Previously in Niskanen’s ongoing sanctuary city series, we discussed why local law enforcement may be hesitant to comply with detainers issued by ICE (not least of which are the costly legal ramifications). In this piece, we take a step back and discuss what exactly ICE detainers are, and how they differ from judicial warrants.
A warrant is a written order signed by a court that validates any search, seizure, or arrest by local law enforcement. It must always be accompanied by a sworn statement made by an officer under oath, claiming that probable cause that a crime was committed exists.
On the other hand, a detainer request is a mechanism where ICE requests that the local law enforcement agency hold — or detain — individuals suspected of an immigration violation for 48 hours after their otherwise lawful release from custody. ICE cannot step in while any criminal charges are pending. Rather, ICE must wait until the individual is no longer being held on local law enforcement authority. Detainers are used to facilitate a transfer from local law enforcement to ICE after the local agency’s justification for holding an individual has expired.
Whereas a warrant requires review and approval by a judge, an ICE detainer can be issued by just about any immigration official when a person suspected of not having lawful immigration status is arrested by local law enforcement. Federal information-sharing agreements have existed between immigration authorities and the FBI for decades. Per these agreements, fingerprints that the FBI collects from local law enforcement are automatically forwarded to the Department of Homeland Security (DHS). DHS then checks against immigration databases, revealing whether an individual is unlawfully present, and whether they present a risk to public safety.
Authorization for issuing immigration detainers lies in Title 8, Section 287.7 of the Code of Federal Regulations, and the Immigration and Nationality Act. Authority to issue a detainer is broad. The law allows border patrol agents, aircraft pilots, special agents, deportation officers, immigration inspectors, adjudications officers, immigration and supervisory enforcement agents, supervisory and managerial personnel of any of these people, and almost any immigration officer who “needs” it, the authority to issue a detainer. Though the regulation requires the receiving law enforcement agency to comply with the detainer “request,” numerous courts have not enforced the requirement. Per the policies reinstated by the Trump administration in 2017, any individual suspected of lacking lawful status is a priority for removal, regardless of their threat — or lack thereof — to public safety. In recent years, the number of detainers has steadily gone up. Still, the number of detainers issued under the Trump administration is dwarfed by those issued during the Obama administration. It may surprise some that at their height, deportations under the Obama administration — just before their change in enforcement policies — nearly doubled the number of deportations in 2019.
The detainer process extends significant deference to immigration officials, as opposed to a warrant, which extends deference to the individual via protections enshrined in the Fourth Amendment.
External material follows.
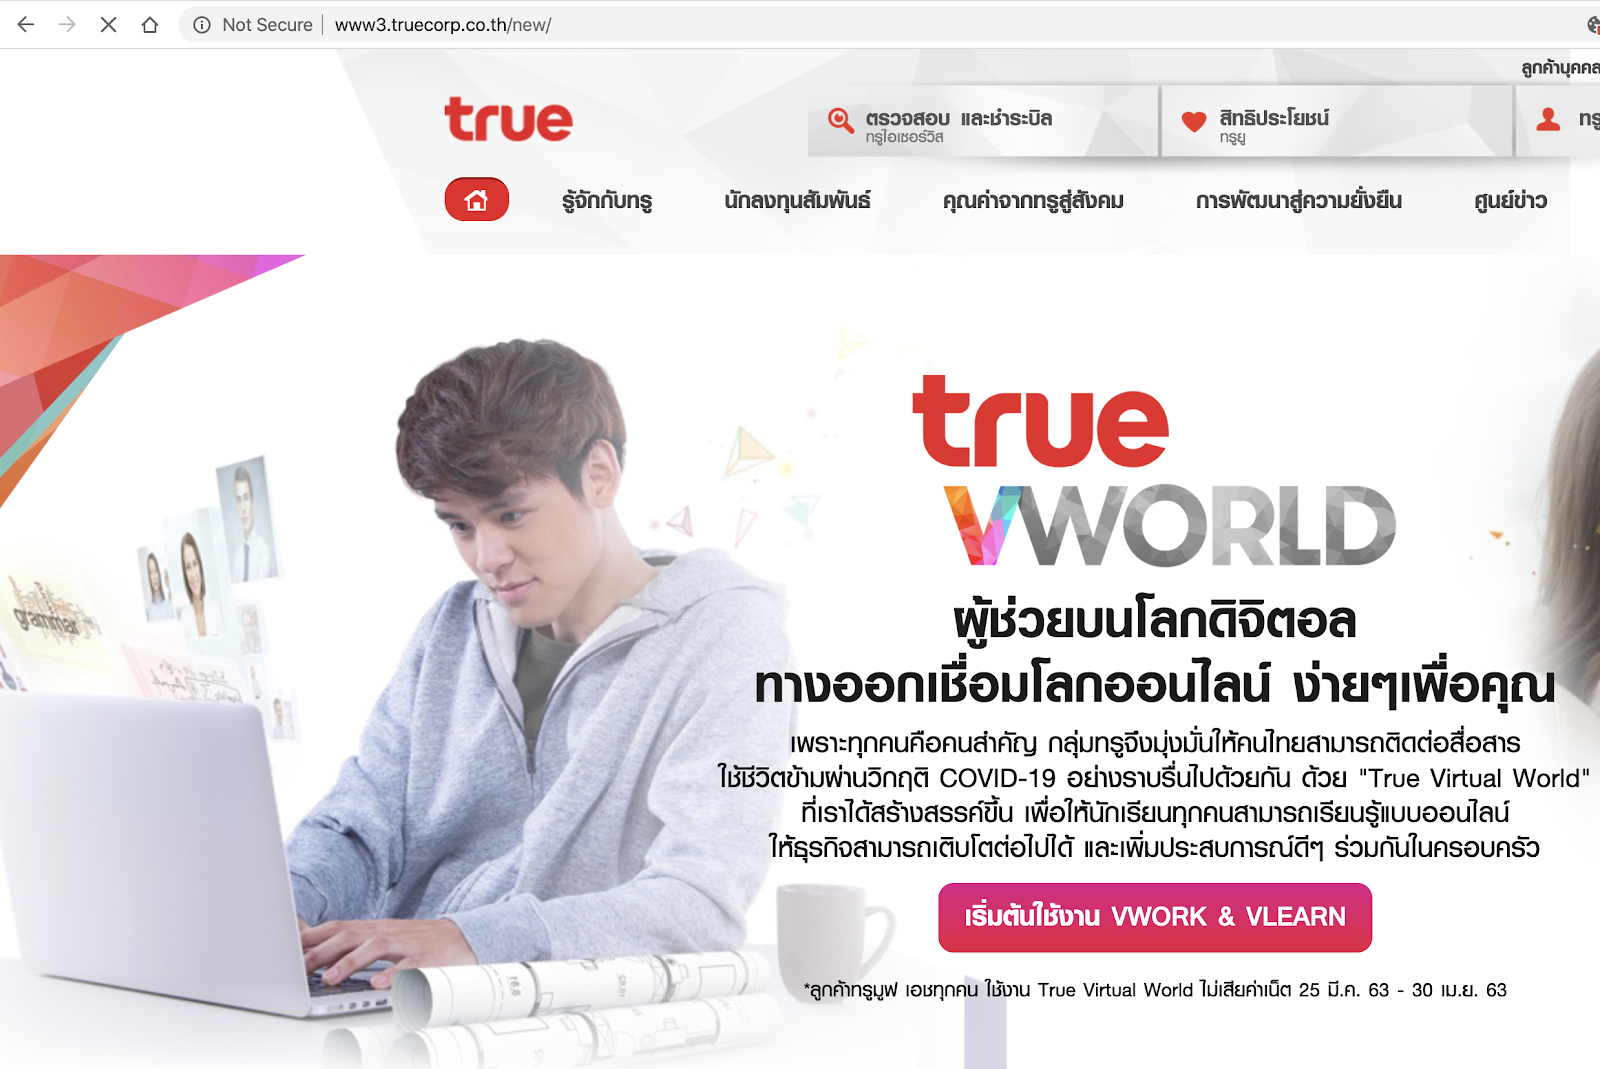 Компания True Corporation Plc (True) из Таиланда выбрала Ericsson в качестве поставщика сети

Prior to 2014, ICE officials could issue a detainer if they had “reason to believe” an individual was removable. After several successful lawsuits, the Obama administration rolled back its use of detainers, asking instead to be notified when a local agency was preparing to release an alien. If agents could not take custody of that person before the scheduled release, they could request extended detention — but still had to confirm there was a final order of removal, or other “probable cause” that justified removal.
Making the process more intentional (rather than automatic) likely spurred the falling numbers of detainer requests between 2014-16, in addition to the new probable cause requirements. The subsequent rise in detainers during the Trump administration is likely due to the sheer number of individuals detained after the administration’s 2016 removal of prioritization categories.
Importantly, the confirmation that there is a civil order of removal or other probable cause still does not alleviate concerns by local law enforcement about detaining individuals at the request of ICE without a warrant. These overt safeguards are intended to protect individual rights from potential abuse by law enforcement officers. Still, no appeals court has authoritatively ruled on whether it provides local law enforcement the legal cover necessary to hold individuals beyond their scheduled release in compliance with an ICE detainer. It doesn’t help matters that ICE has made numerous documented mistakes when it comes to arrests and detentions. According to the Los Angeles Times, since 2012, ICE has detained more than 1,480 people to investigate their citizenship claims — only to later release them from its custody. Here are the agency figures provided by the U.S. Department of Justice and reproduced in the L.A. Times graphic:
In one case, an American citizen was held for over three years — 1,273 days — in detention because ICE did not believe him to be a legal citizen. He was awarded a $20,000 settlement.
Investigating citizenship claims can be arduous, particularly for those who do not have paper records of their citizenship readily available. Sometimes though, ICE could correct these mistakes by conducting more than a cursory review of records before issuing a detainer. These mistakes leave significant questions as to the efficacy of the detainer system.
It follows that local law enforcement may be more willing to cooperate with federal immigration officials if they had more confidence in the process. Significantly raising the requirements to issue detainers — both who can authorize their issuance and what the standard of review is to do so — or doing away with them entirely and replacing them with warrants — would ensure more human rights protections, fewer lawsuits, and a tailored focus on priority detainees.